Technology vendors also see AI, advanced analytics and digital transformation as top areas of focus for next year, as those areas were cited by 75 percent and 70 percent of technology and service provider executives, respectively. Thirty-three percent of those respondents cited EHR optimization and 25 percent cited cybersecurity and ransomware. Thirteen percent cited M&A integration as a top area of focus in 2019.

However, EHR systems will dominate technology spending budgets, even as the focus turns to digital analytics, the survey found. Technology and service provider executives who participated in the survey identified EHR system optimization and cybersecurity as significant drivers of technology spend in 2019. Sixty percent of respondents said enterprise digital transformation and advanced analytics and AI would drive technology spend this year, but 38 percent also cited EHR optimization and cybersecurity/ransomware. One executive survey respondent said, “For best of breed solutions, (the challenge is) attracting enough mindshare and budget vs. EHR spends.”

When asked what digital transformation means, close to half of healthcare executives cited reimaging patient and caregiver experiences, while one quarter cited analytics and AI and 17 percent cited automation. As one executive said, “The biggest challenge for healthcare in 2019 will be navigating tightening margins and limited incentives to invest in care design.”

Healthcare executives are divided on whether digital is primarily an IT-led initiative, and are also divided on whether technology-led innovation is dependent on the startup ecosystem.

The CIO remains the most important buyer for technology vendors, however IT budgets are now sitting with multiple stakeholders, the survey found, as respondents also cited the CFO, the CTO, the CMIO and the chief digital officer.

“Digital and AI are emerging as critical areas for technology spend among healthcare enterprises in 2019. However, healthcare executives are realistic around their technology needs vs. their need to improve care delivery. They find the currently available digital health solutions in the market are not very mature,” Paddy Padmanabhan, CEO of Damo Consulting, said in a statement. “However, they are also more upbeat about the overall IT spend growth than their technology vendors.”

Looking at the technology market, healthcare executives perceive a lack of maturity in technology solution choices for digital initiatives, as well as a lack of internal capabilities for managing digital transformation. In the survey report, one executive said, “HIT architecture needs to substantially change from large monolithic code sets to an API-driven environment with multiple competing apps.”

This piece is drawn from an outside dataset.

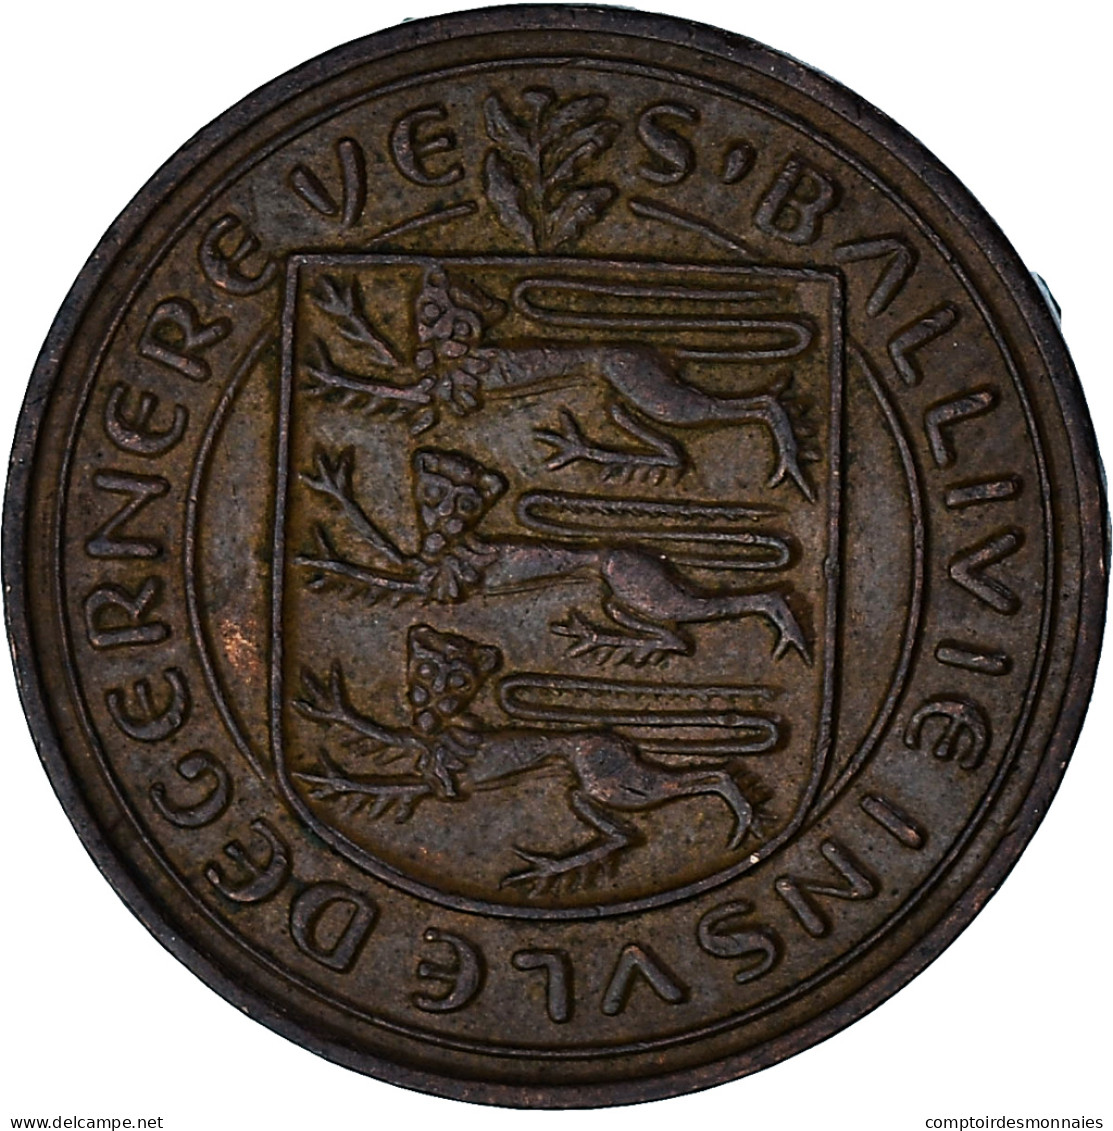 Guernesey, Elizabeth II, 2 New Pence, 1971, Bronze, TTB, KM:22 - Guernesey
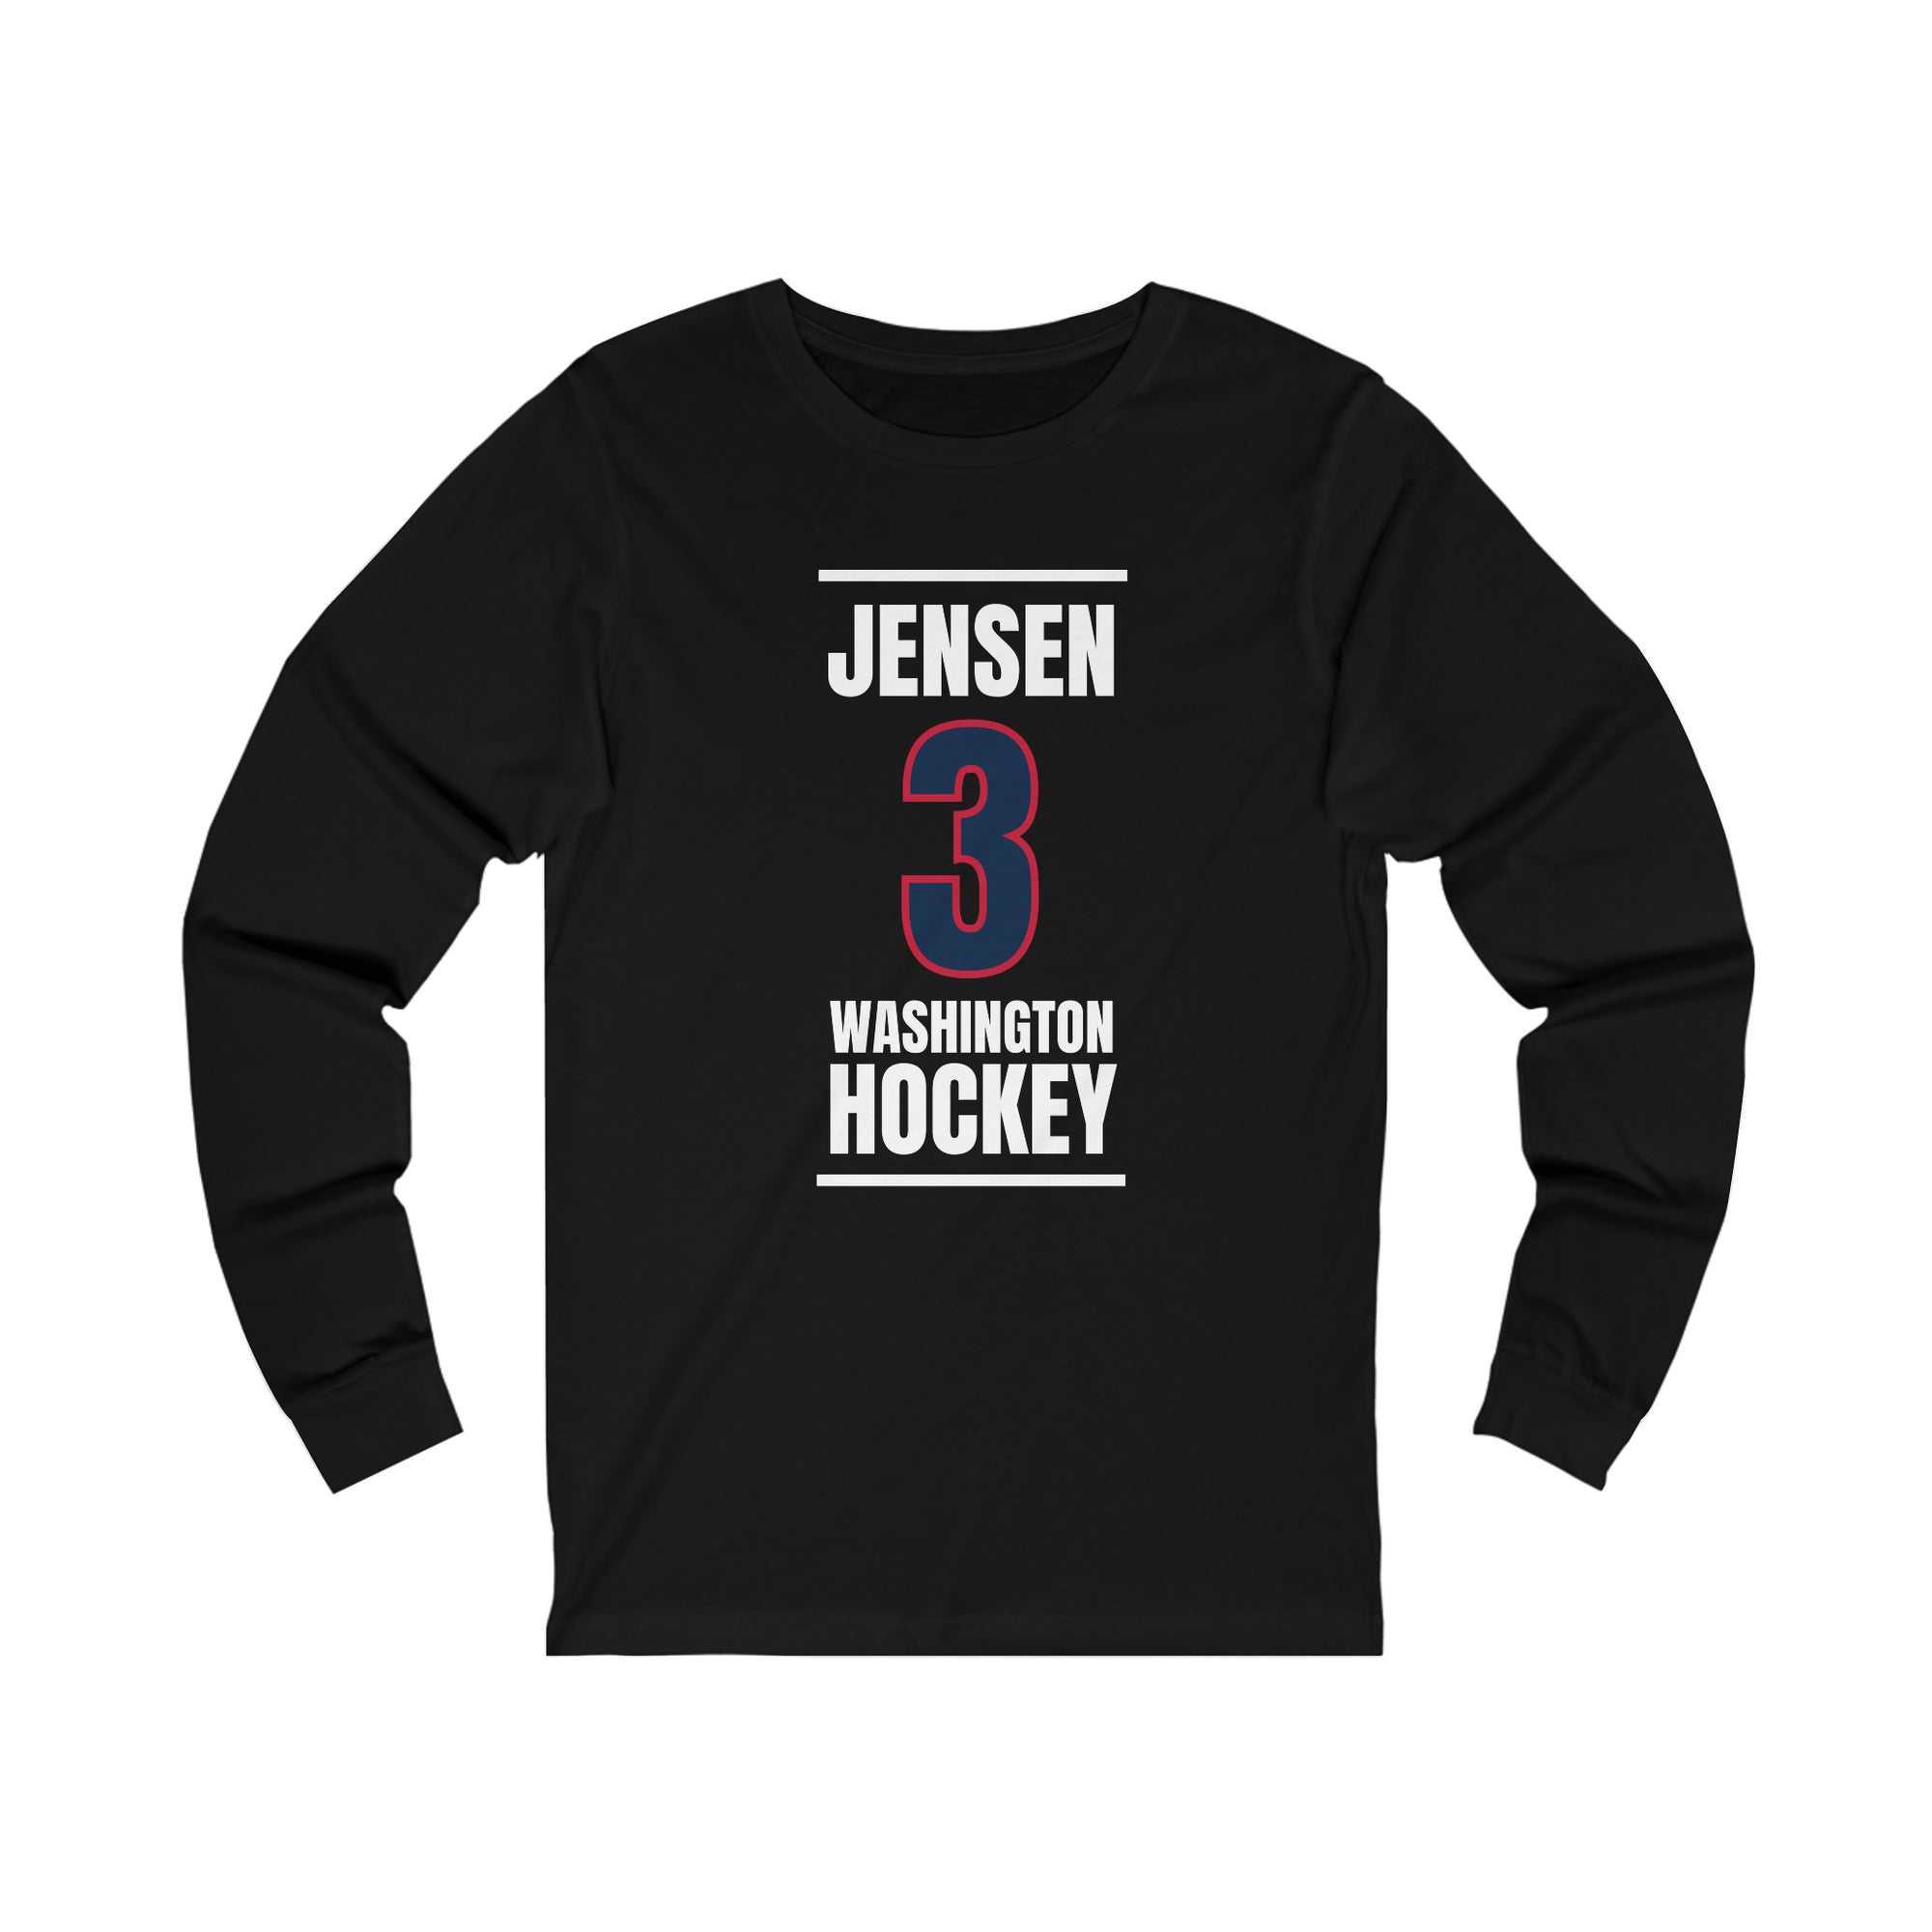 Jensen 3 Washington Hockey Navy Vertical Design Unisex Jersey Long Sleeve Shirt

A majority of healthcare enterprise executives view data silos and lack of interoperability as the biggest challenges to digital transformation. And, 63 percent believe the fee-for-service reimbursement model will remain the dominant payment model for the foreseeable future.

In addition, cybersecurity issues will continue to be a challenge for the healthcare sector in 2019, but not the biggest driver of technology spending or the top area of focus for health systems in the coming year, according to the survey.

Healthcare executives continue to be confused by the buzz around AI and digital and struggle to make sense of the changing landscape of who is playing what role and the blurred lines of capabilities and competition, according to the survey report. When asked who their primary choice is when looking for potential partners to help with digital transformation, 46 percent of healthcare executives cited their own internal IT and innovation teams, 17 percent cited their EHR vendor and 8 percent cited boutique consulting firms. A quarter of respondents cited “other.”

For technology vendors, the biggest challenge is long cycles, along with product/service differentiation and brand visibility.

The rise of non-traditional players, such as Amazon, Apple, and Google, will have a strong impact on the competitive healthcare technology environment, the survey responses indicated. At the same time, deeply entrenched EHR vendors such as Epic and Cerner will grow in dominance.